En general, cualquier aplicación puede añadir soporte para complementos.

Funcionamiento[editar]

La aplicación principal o host proporciona servicios que el complemento puede utilizar, incluyendo un método para que los complementos se registren a si mismos y un protocolo para el intercambio de datos. Los complementos dependen de los servicios prestados por la aplicación de acogida y no suelen funcionar por sí mismos. Por el contrario, la aplicación principal funciona independientemente de ellos, lo que permite a los usuarios finales añadir y actualizar los complementos de forma dinámica sin necesidad de hacer cambios a la aplicación principal.

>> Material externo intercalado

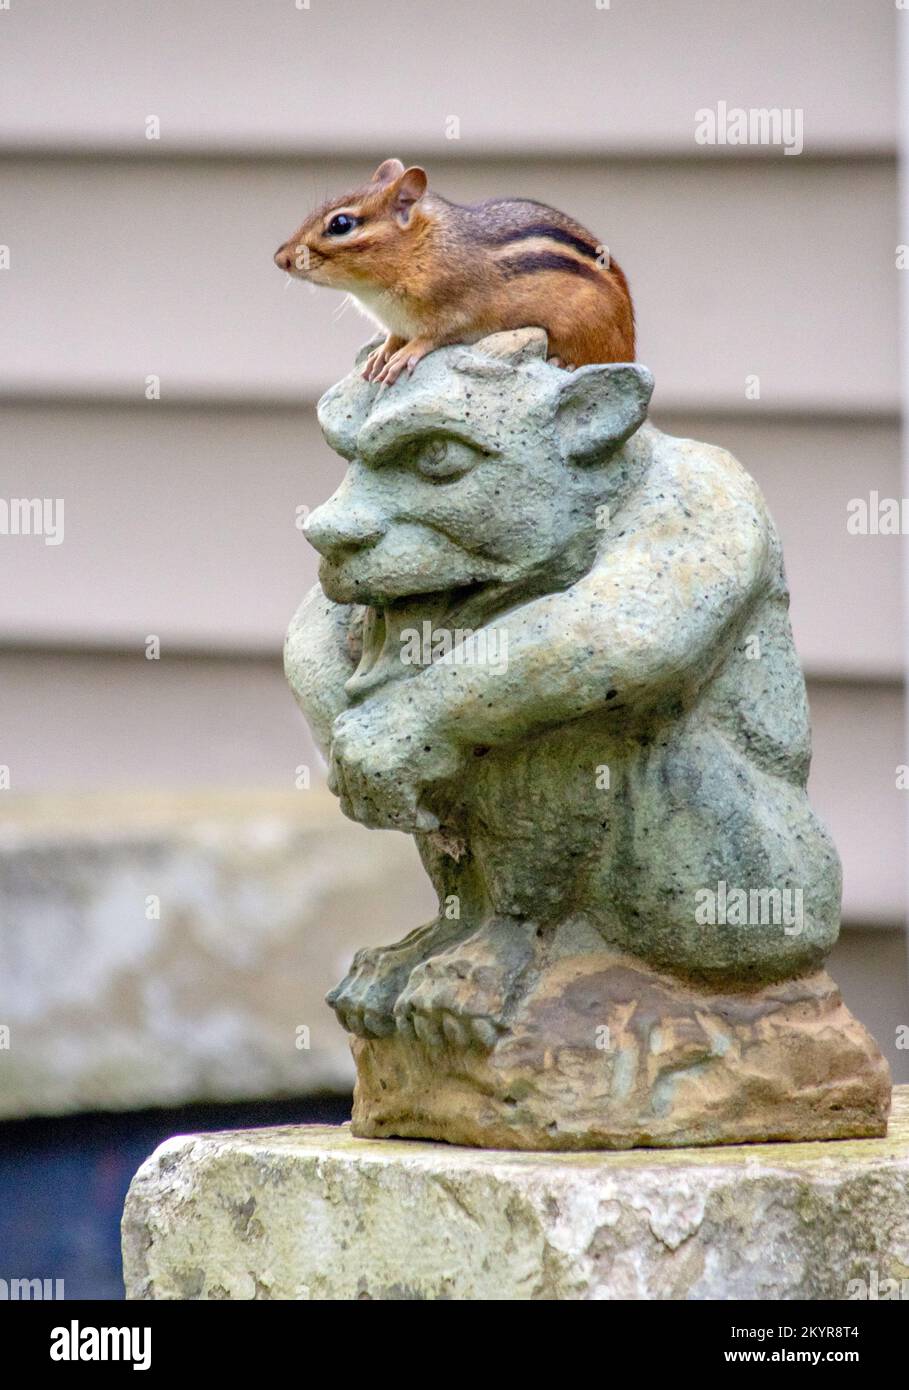 Chipmunk liebt es, auf dieser Gargoyle-Statue auf meiner Veranda zu sitzen, ein guter Ort, um nach Gefahr zu suchen Stockfoto

La interfaces de programación de aplicaciones (API) proporcionan una interfaz estándar, lo que permite a terceros crear complementos que interactúan con la aplicación principal. Un API estable permite que complementos de terceros funcionen como la versión original y amplien el ciclo de vida de las aplicaciones obsoletas. El API para complementos de Adobe Photoshop y After Effects se ha convertido en un estándar y las aplicaciones de la competencia como Corel Paint Shop Pro lo han adoptado hasta cierto punto. Otros ejemplos de la API son, entre otros, VST y Audio Units.

Las arquitecturas de numerosos juegos y aplicaciones suelen utilizar complementos que permiten a los editores, ya sean los creadores originales o terceros, agregar funcionalidad al software. La serie Microsoft Flight Simulator ha llegado a ser bien conocida por sus complementos de aviones.

Historia[editar]

Los primeros complementos aparecieron tan pronto como a mediados de 1970, cuando el editor de texto EDT corriendo en el sistema operativo Unisys VS/9 y utilizando la serie de ordenadores Univac 90/60, permitía a un programa externo acceder a la memoria para editar la sesión.

Ya en 1987 Macintosh incluía la funcionalidad en HyperCard y QuarkXPress. En 1988, Silicon Beach Software incluyó complementos en Digital Darkroom y SuperPaint, y Ed Bömke acuñó el término plug-in.